The microorganisms may have been inhibited or poisoned as a result of a specific concentration and size of NP-ZVIs, resulting in an insignificant performance [21,22,23]. This enhanced the interaction between biogas production and methanogenic activity. Despite the fact that the biogas production during AcoD with NP-ZVI > 30 mg/g VS drastically decreased, the fall continued over time. This phenomenon may be explained by the stimulating effects of the concentration and size of NP-ZVI on the bacterial adhesion and metabolic co-enzymes necessary for the production’s hydrolysis, acidification, and methanation stages of the AcoD of biogas [21,30]. NP-ZVIs have a significant impact on microorganism receptor activation and interaction for methanogenesis and subsequent nutritional enhancement, according to Kassab et al. [21].

4. Conclusions

The influence of the NP-ZVI concentration and mixing volume ratio of NaBH4:FeSO4.7H2O (effect on particle size) on the performance of the AcoD process of OMWW:CM co-digestion in BMP conditions was investigated in mesophilic conditions. The AcoD process was improved by adding NP-ZVI ≤ 30 mg/g VS, while the higher concentration had a negative impact on the AcoD. The CH₄ content was improved by a range of 22.87–16.5%, 21.09–1.53%, and 20.26–6.34%, by 30, 10, 20 mg NP-ZVI/g VS, respectively, at MVR-4:1, MVR-6:1, MVR-2:1, MVR-8:1, MVR-10:1, ascending, versus the control test. The highest biogas yields, methane content, and biodegradability were obtained with a concentration of 30 mg NP-ZVI/g VS at MVR-4:1 to AcoD, providing the best treatability performance. The removal efficiency of the TCOD, turbidity, and color were enhanced to 73.99%, 79.07%, and 53.41%, respectively, while the TS and VS reductions were enhanced by 5.57 and 74.41%.

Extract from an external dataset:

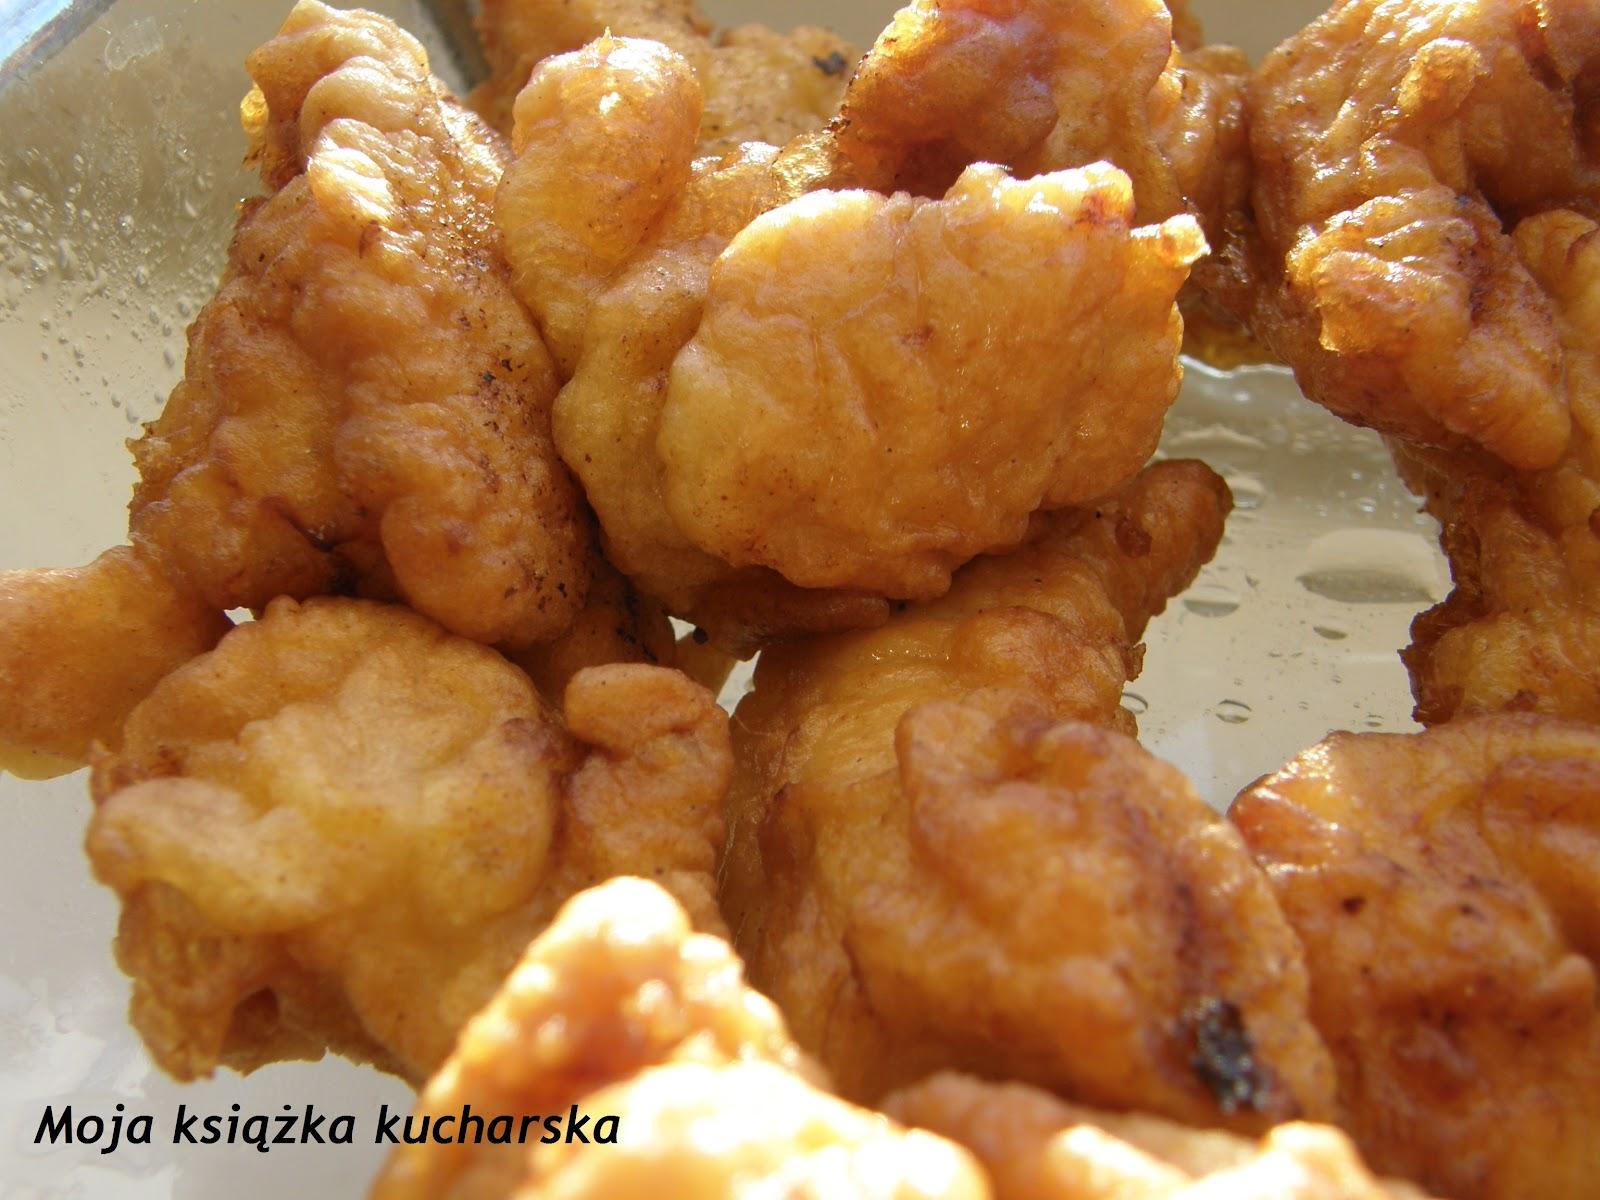 Курица в кляре: простые рецепты с фото пошагово
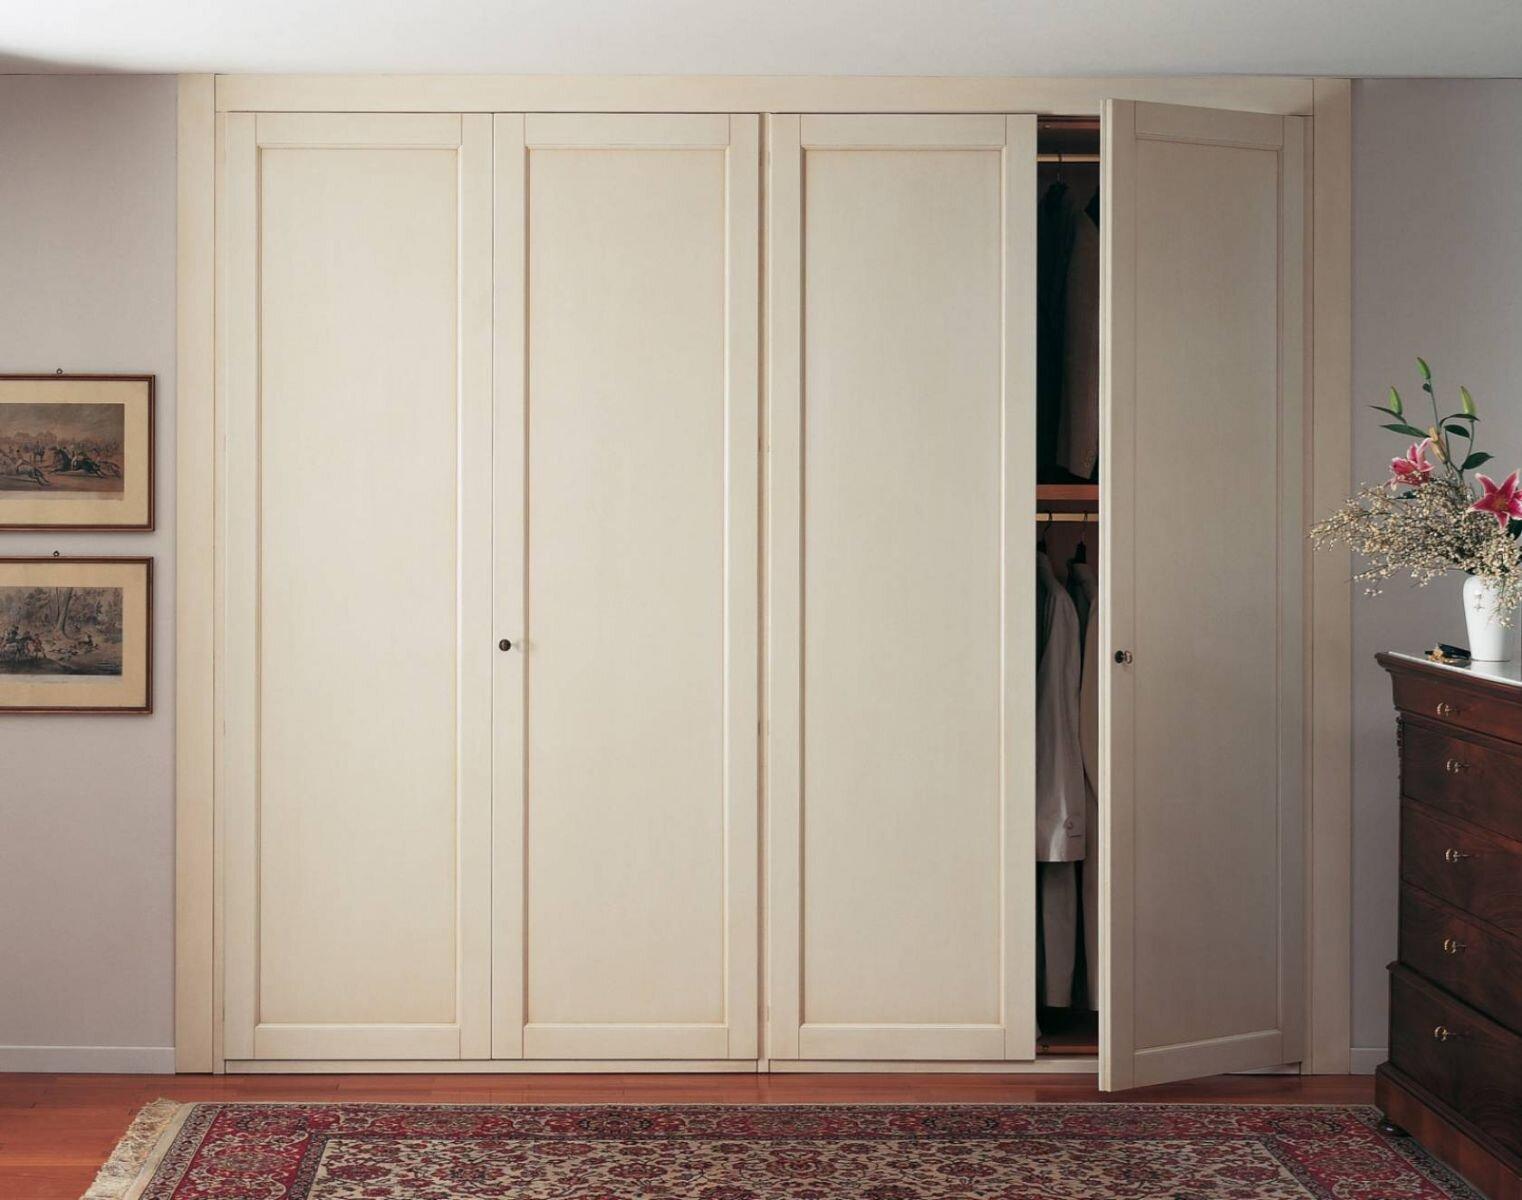 Không lo bị mối mọt tấn công với tủ quần áo gỗ sồi chất lượng

In addition, it enhanced the hydrolysis percentage up to 86.67% with respect to the control test.

The acidification was also greatly enhanced, with acetate being the most prevalent VFA. In the incubated tests, the NP-ZVI concentrations of 30 mg/g VS with MVR-4:1, MVR-2:1, and MVR-6:1 achieved the highest acidification percentages, which were enhanced by up to 51.3%, 48.7%, and 44.3%, respectively, compared to control incubation.